= Entries provided =

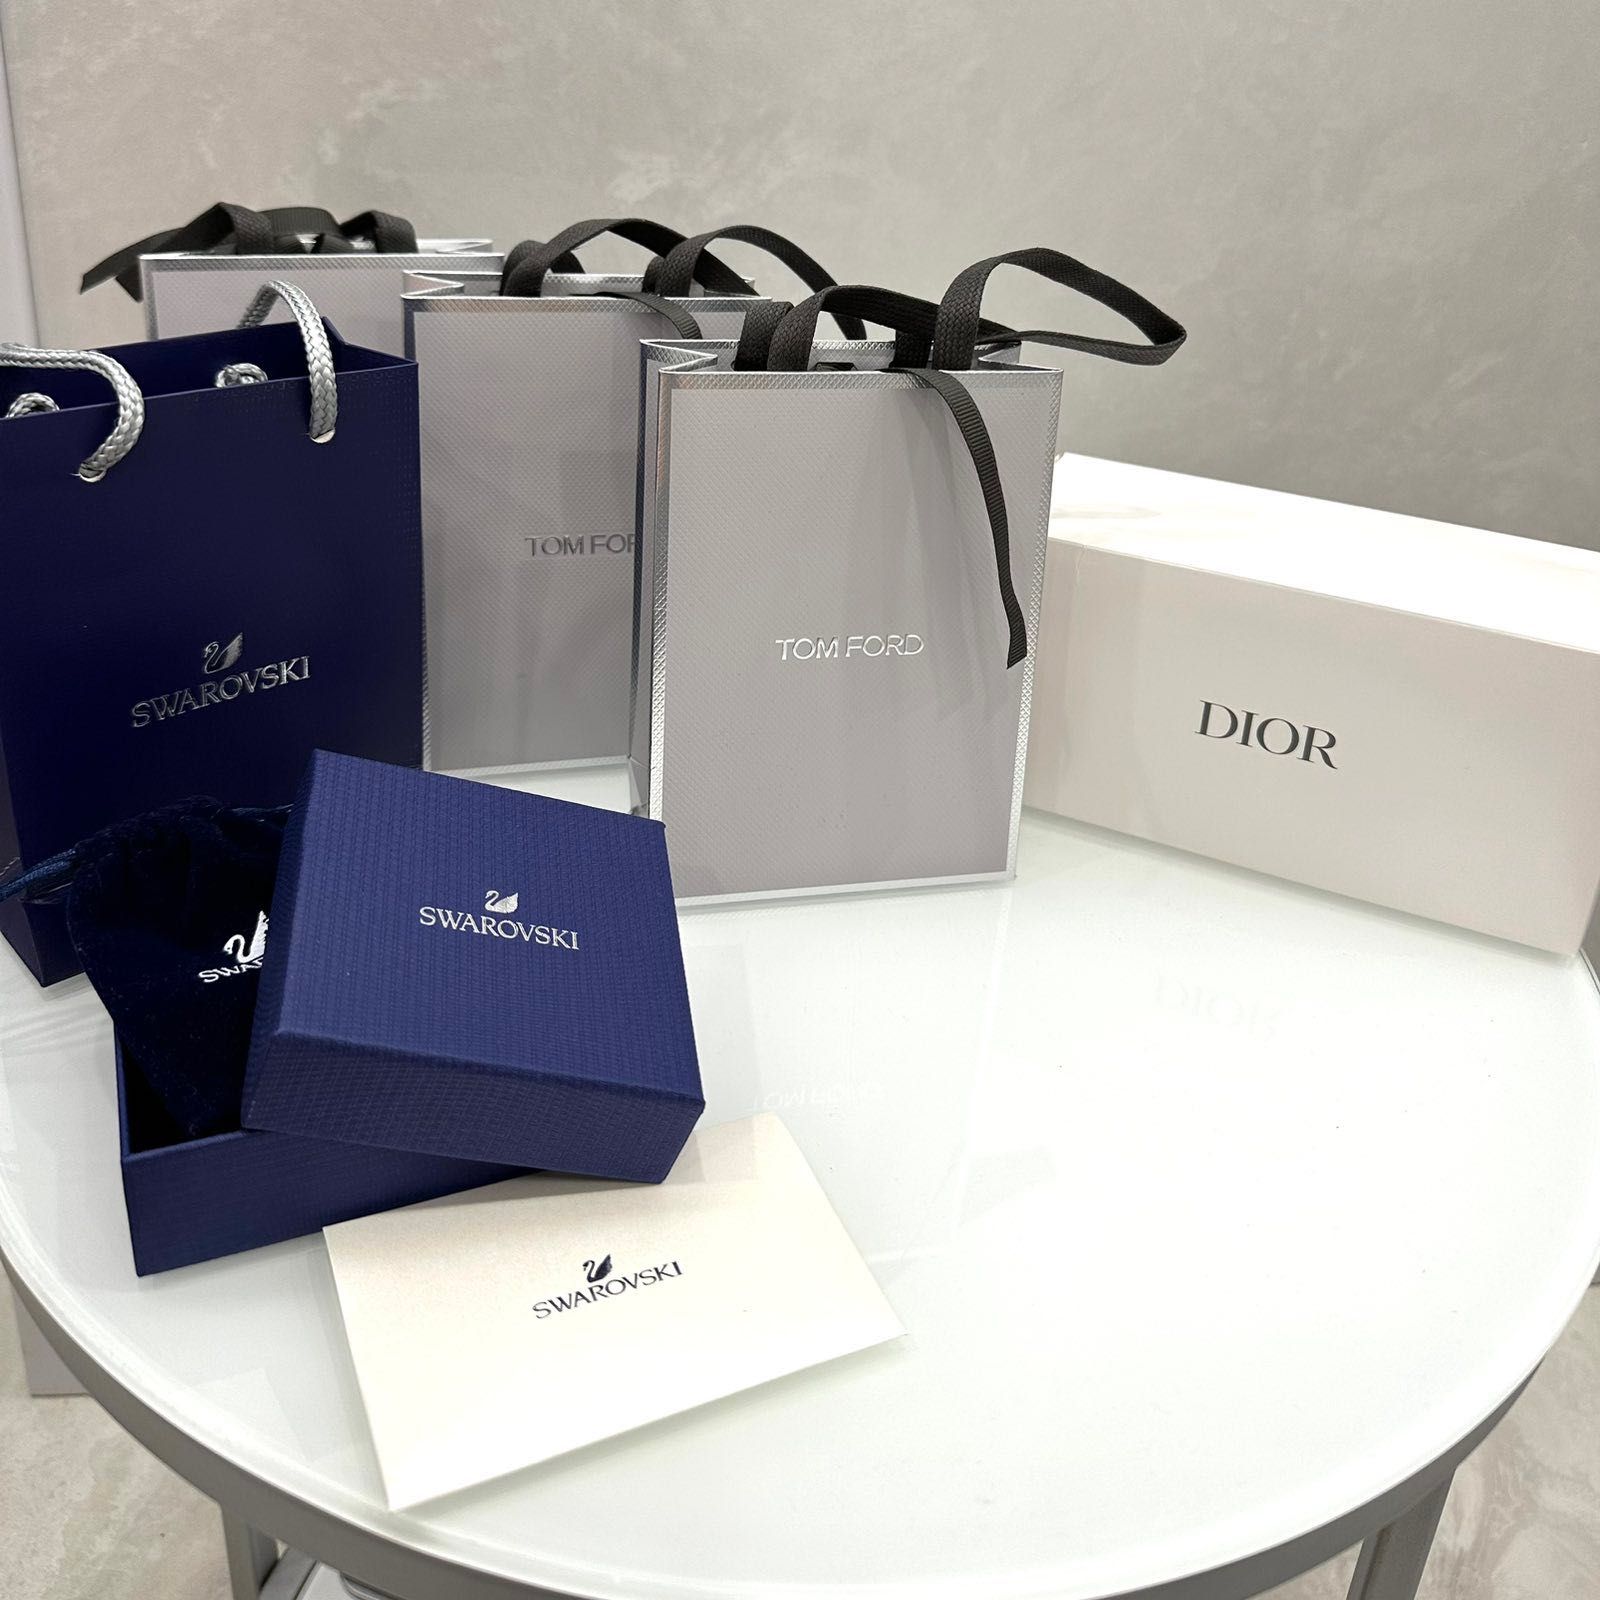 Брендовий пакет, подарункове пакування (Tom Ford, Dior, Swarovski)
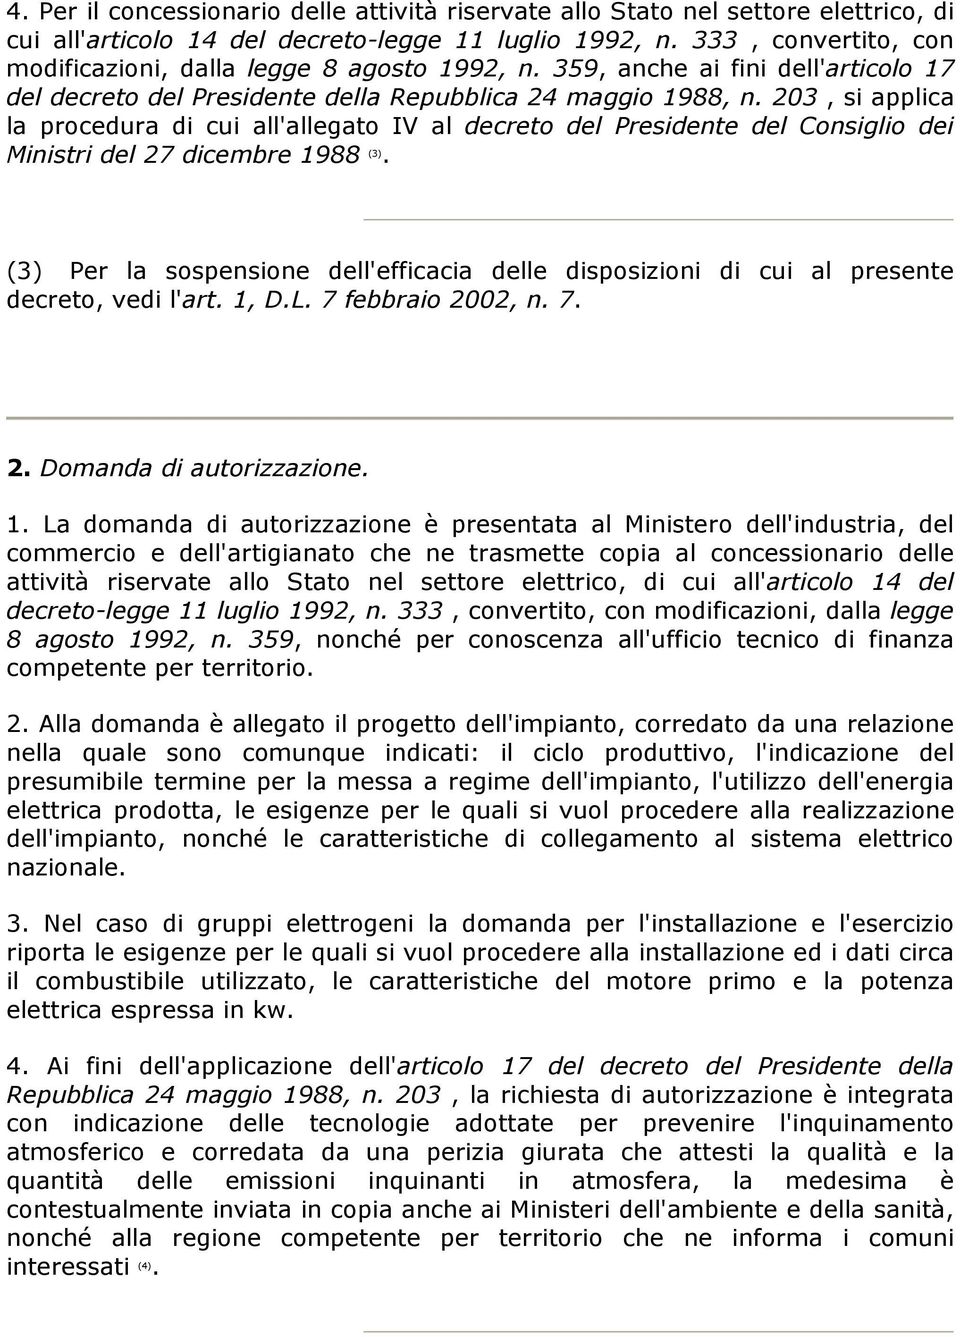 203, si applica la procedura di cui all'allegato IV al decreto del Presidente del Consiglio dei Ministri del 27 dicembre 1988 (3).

* * *

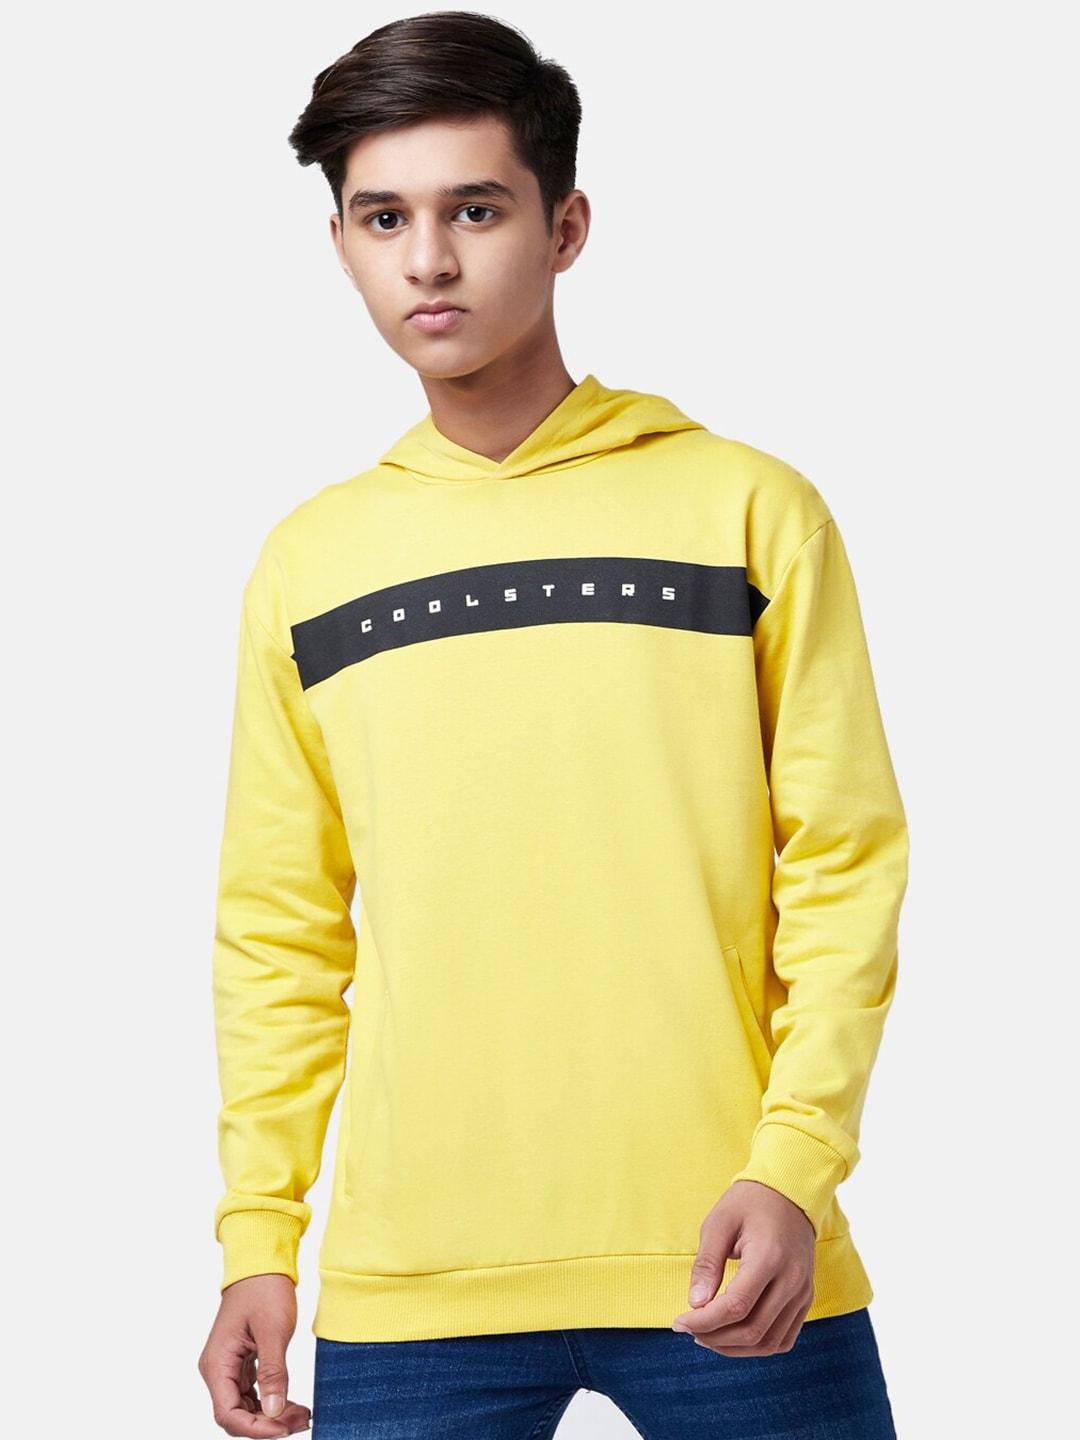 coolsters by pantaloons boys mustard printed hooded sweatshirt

= Problem to solve =
What are the lines above from the one with "Брендовий пакет, подарункове" to the one with "203, si applica", both included? Reproduce them exactly, without pictures.

= Exercise output =
 Брендовий пакет, подарункове пакування (Tom Ford, Dior, Swarovski)
 203, si applica la procedura di cui all'allegato IV al decreto del Presidente del Consiglio dei Ministri del 27 dicembre 1988 (3).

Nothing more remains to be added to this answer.